Julia-C Interface with Non-Basic Types

I am expanding the Julia package, which uses the C library. I need to call some C functions from Julia. They look something like this:

struct contained { int x; int y; int z; }; struct mystruct { int n; contained* arr; }; mystruct* mk_mystruct(int n, contained* arr); void use_mystruct(mystruct* foo); 

I also declared the corresponding types in Julia:

 type contained x::Int64 y::Int64 z::Int64 end type mystruct n::Int64 arr::Array{contained, 1} end 

In ccall functions that take contained* as an argument, everything works fine, treating contained* as Ptr{Int64} :

 con = fill(0, 5, 3); mys = ccall((:mk_mystruct, "mylib"), Ptr{mystruct}, (Int64, Ptr{Int64}), n, con) 

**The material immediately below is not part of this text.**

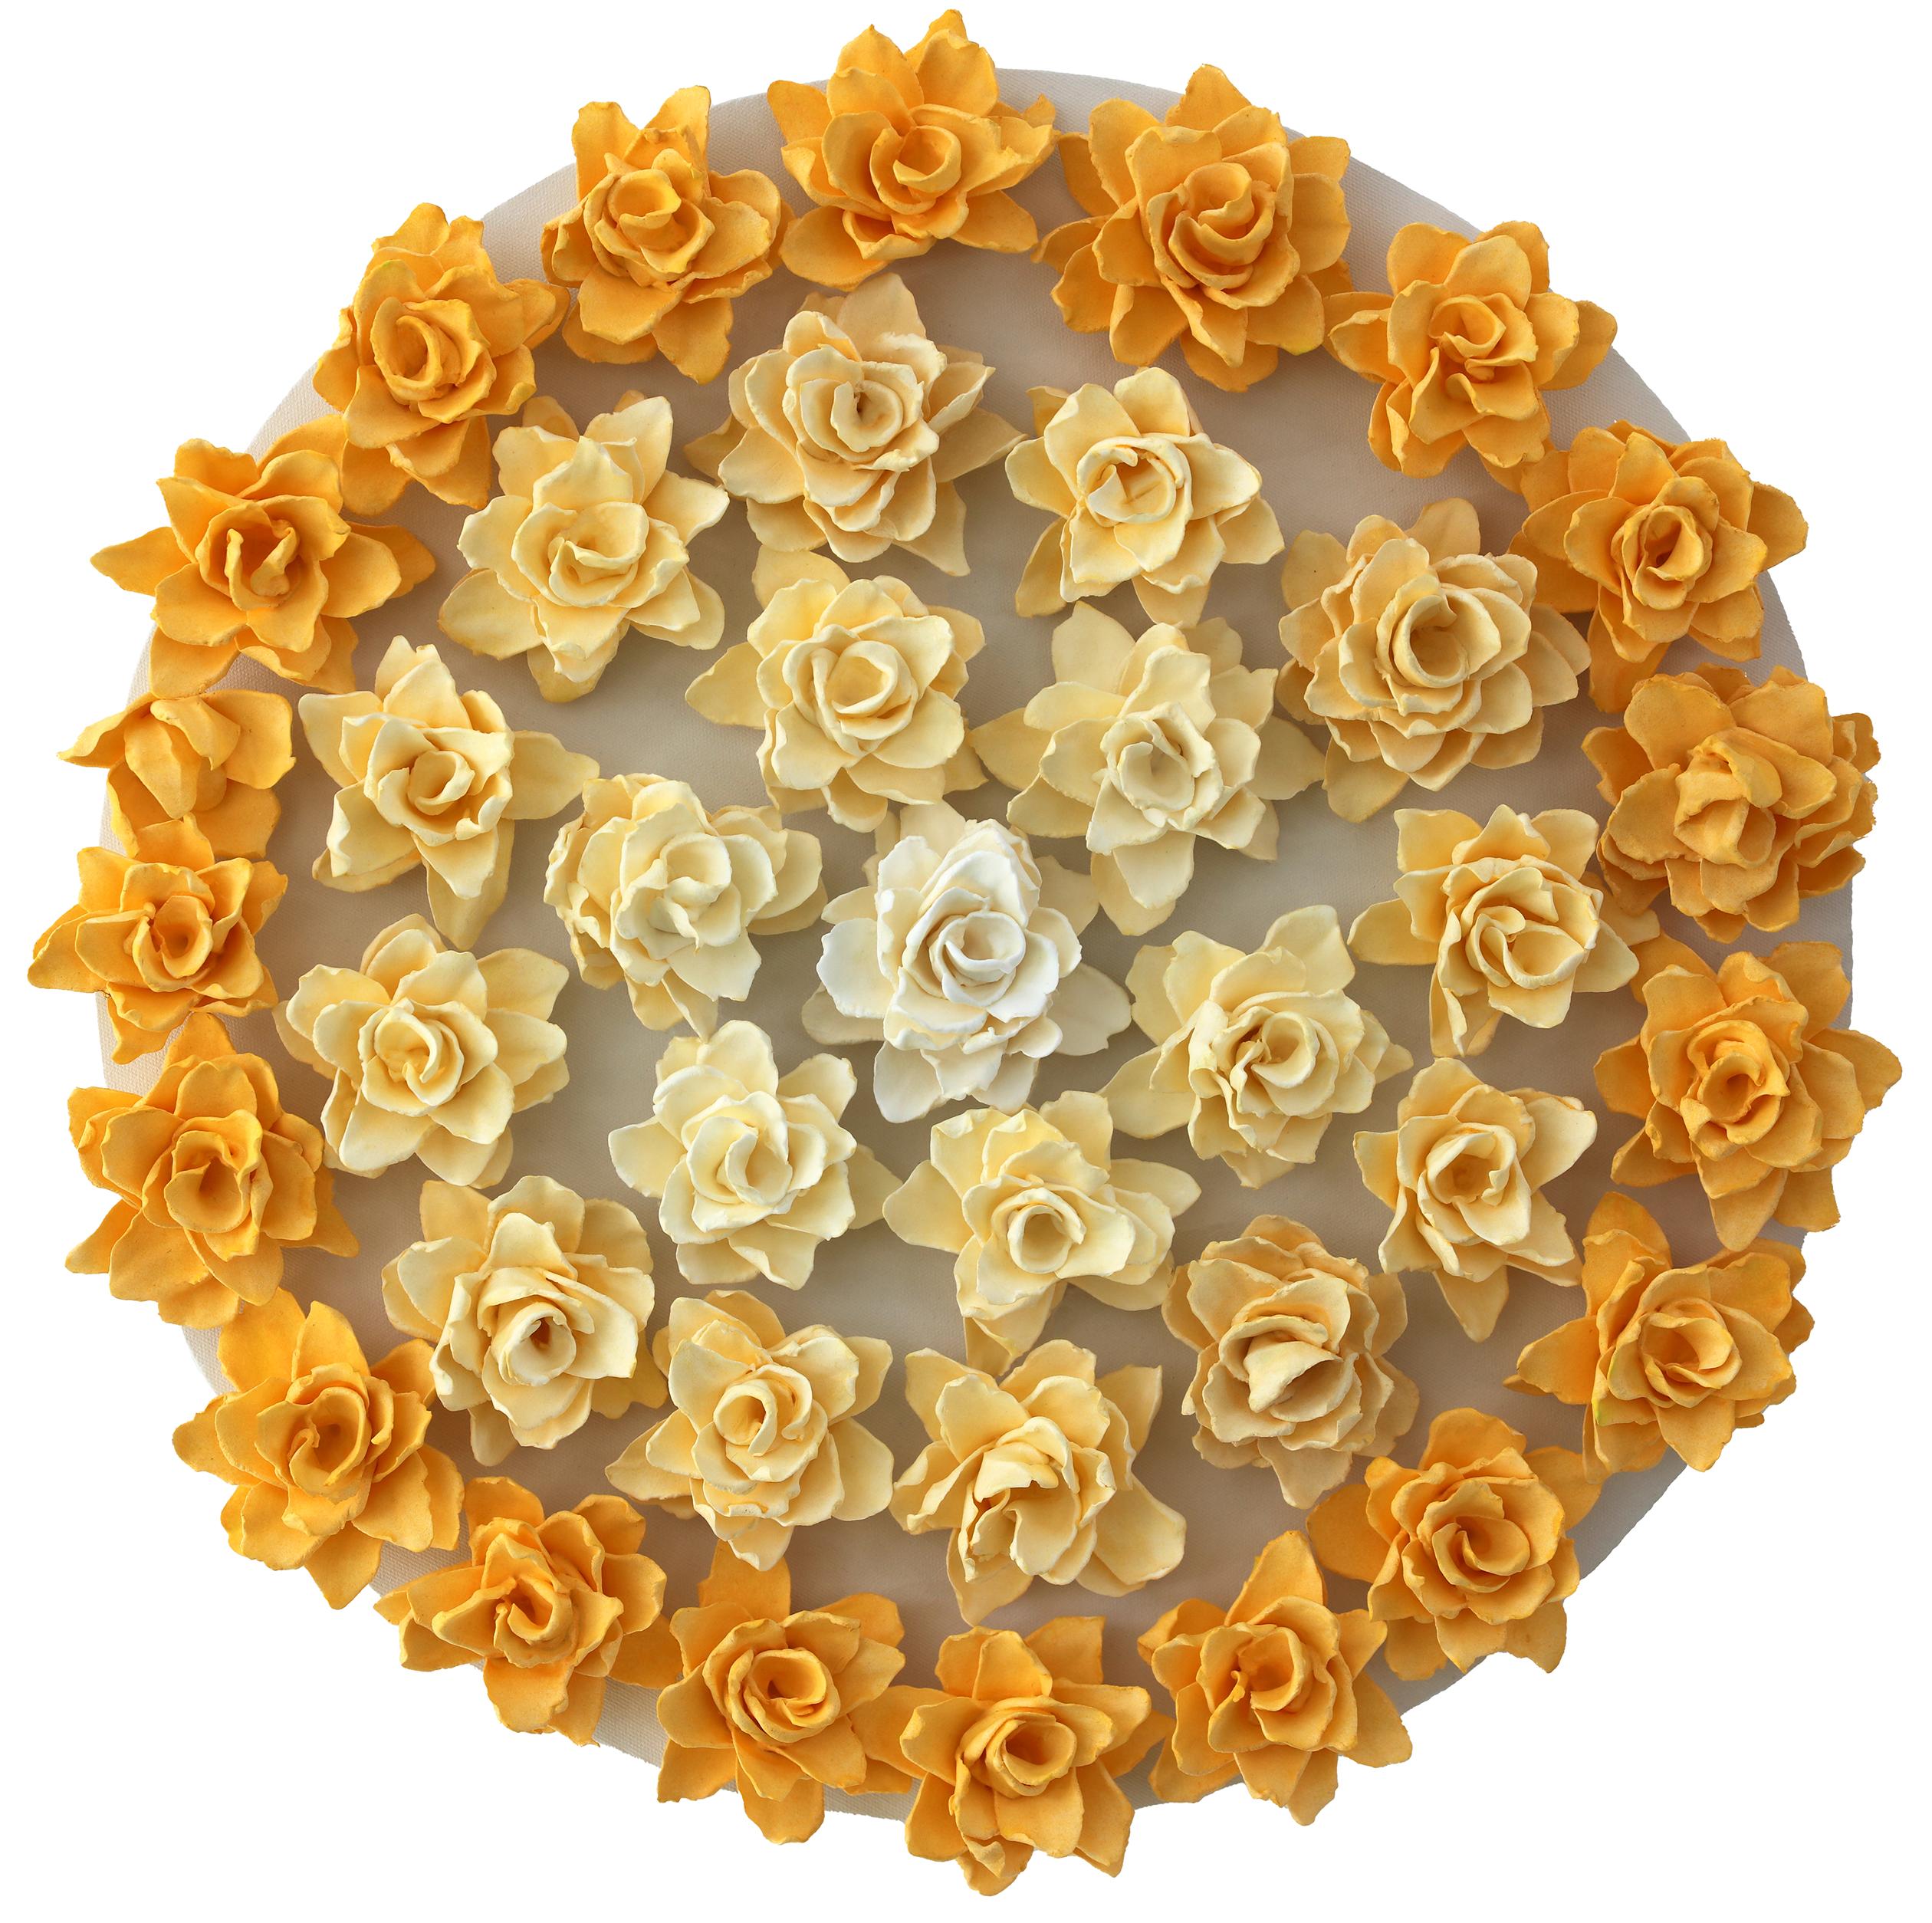 Mandala jaune white smaller orig image bx0y2q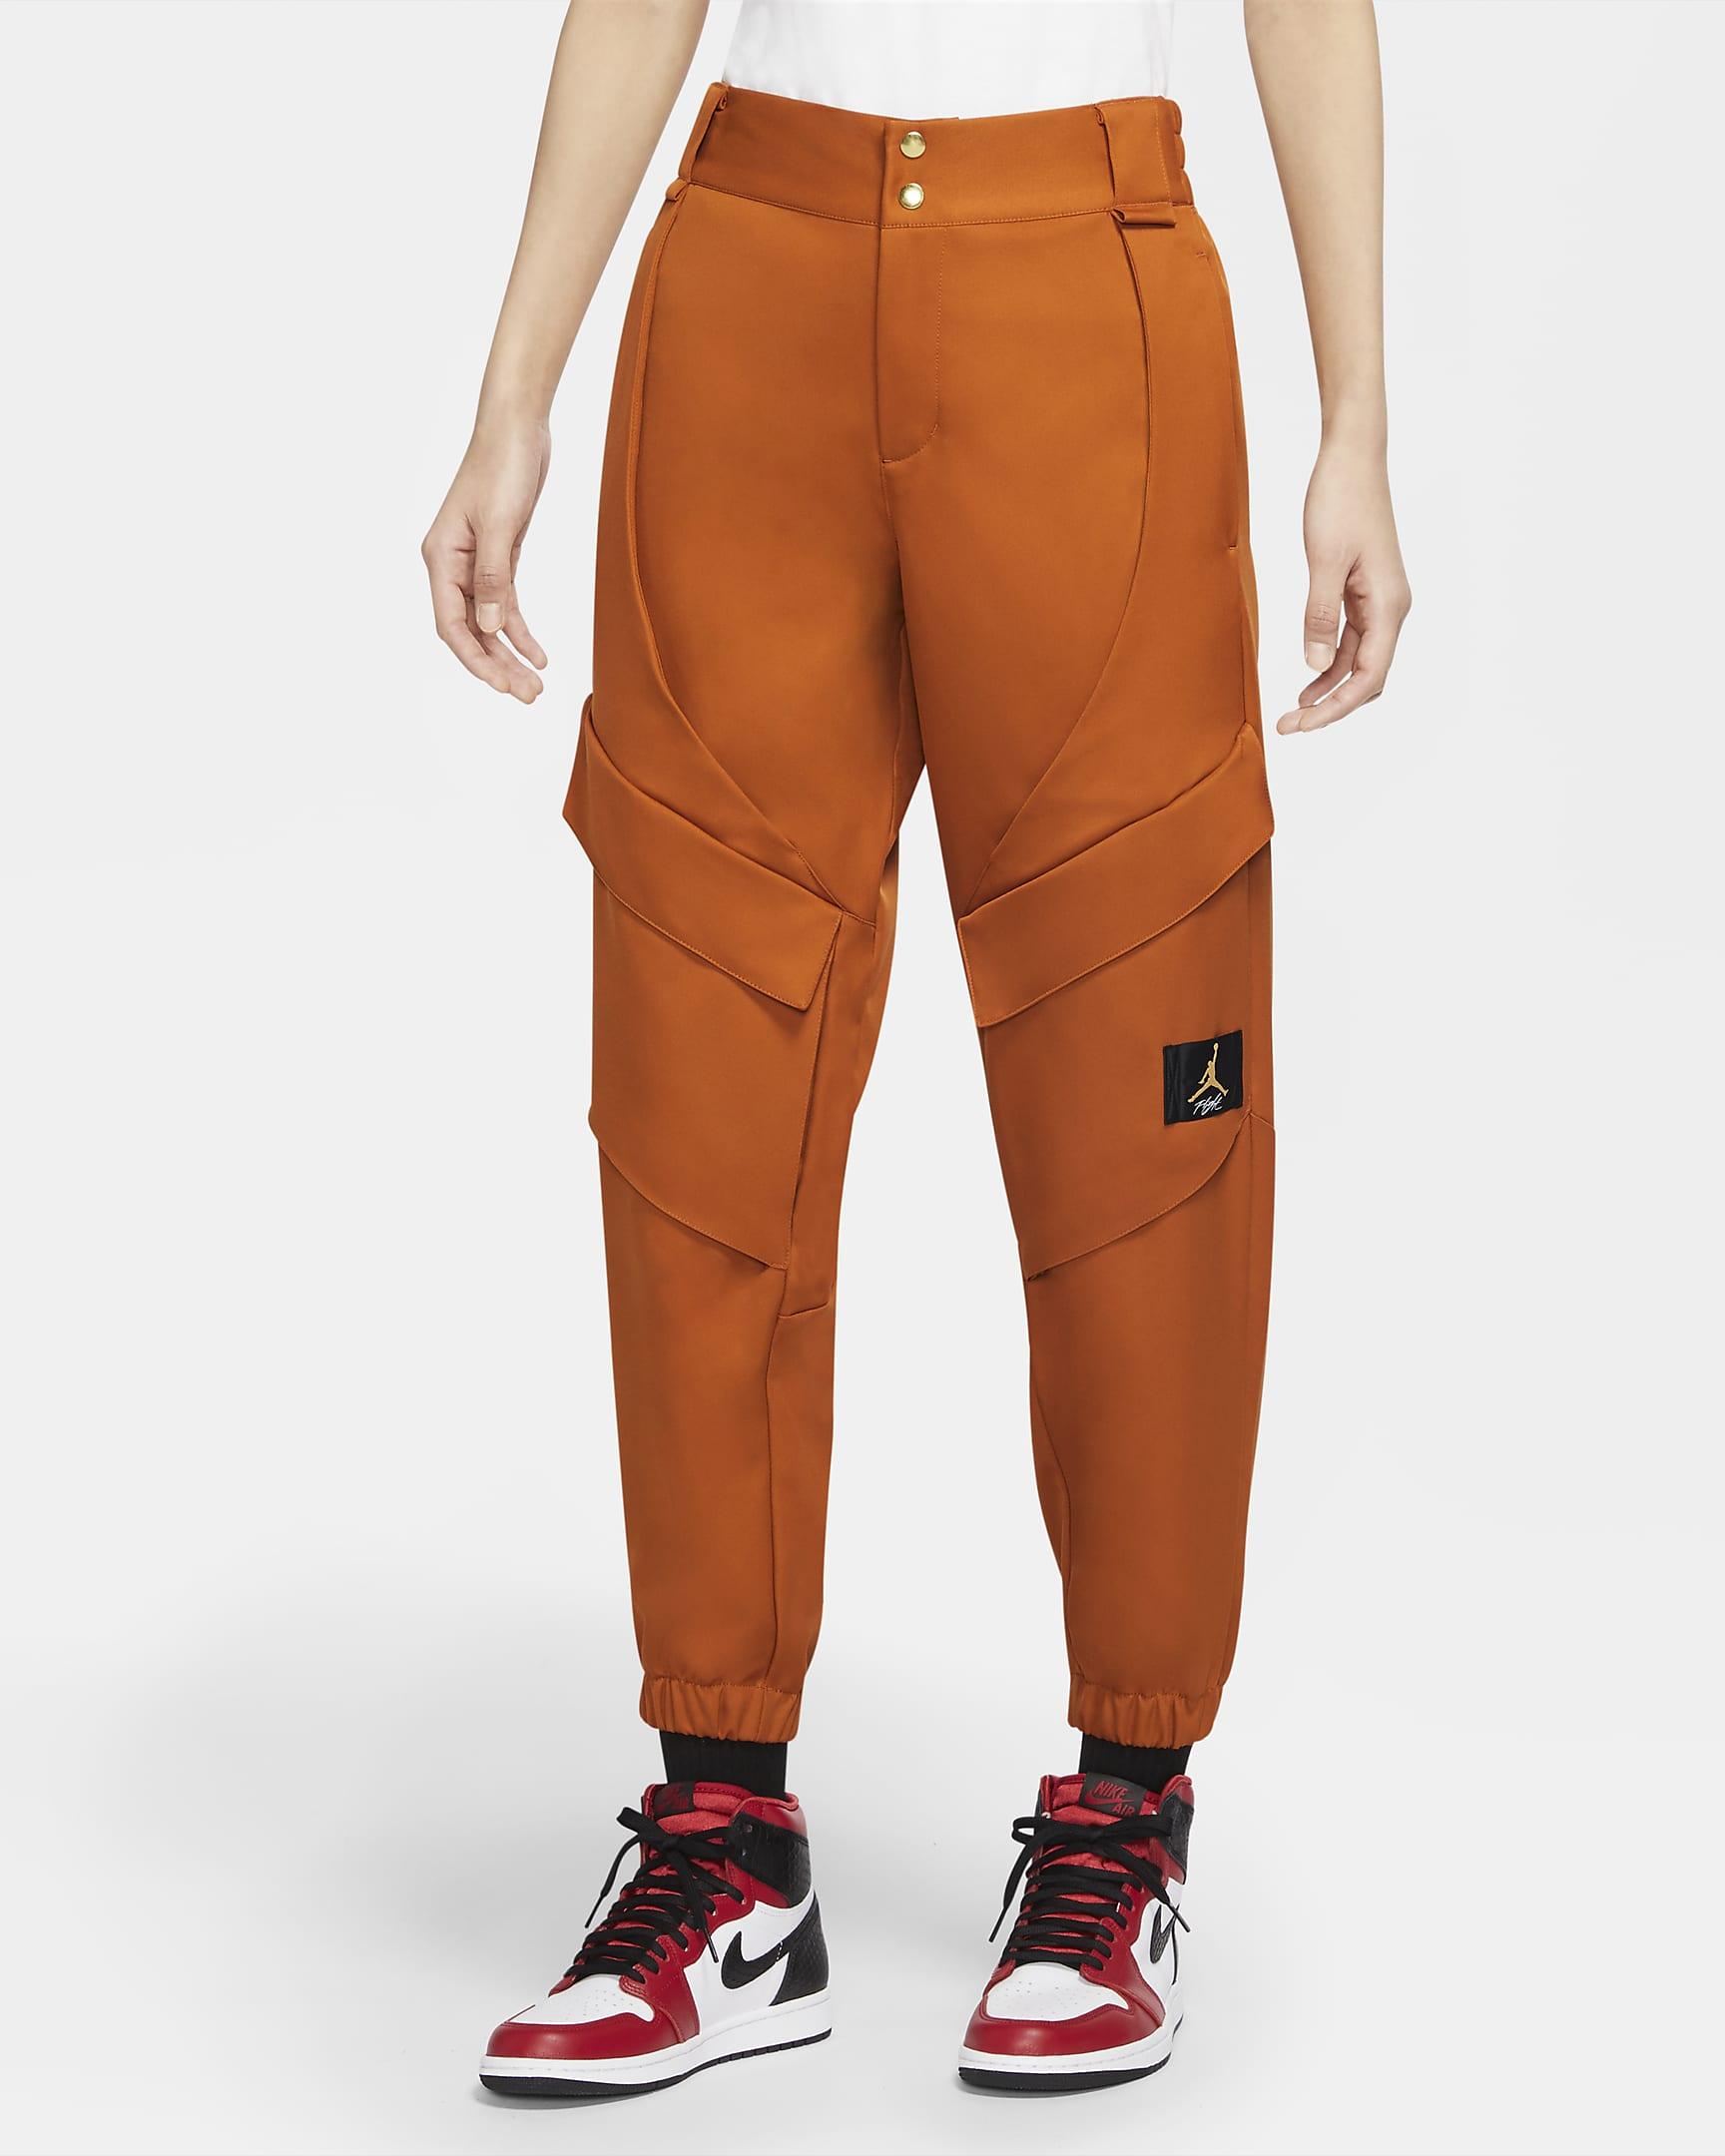 jordan-essential-womens-utility-pants-nRqDZ8.png

I suppose this works because contained has the same memory layout as the Int64 array. This is also how it is done elsewhere in the Julia package. But the only way to know the value of the returned mystruct is to dereference it with unsafe_load , after which Julia flies out of segfault. What is the correct way to dereference a pointer in Julia?

The C library also includes pretty print functions, so instead of dereferencing a pointer in Julia, I could treat the pointer as opaque and pass it to this C function:

 void print_mystruct(mystruct* foo, FILE* outputfile) 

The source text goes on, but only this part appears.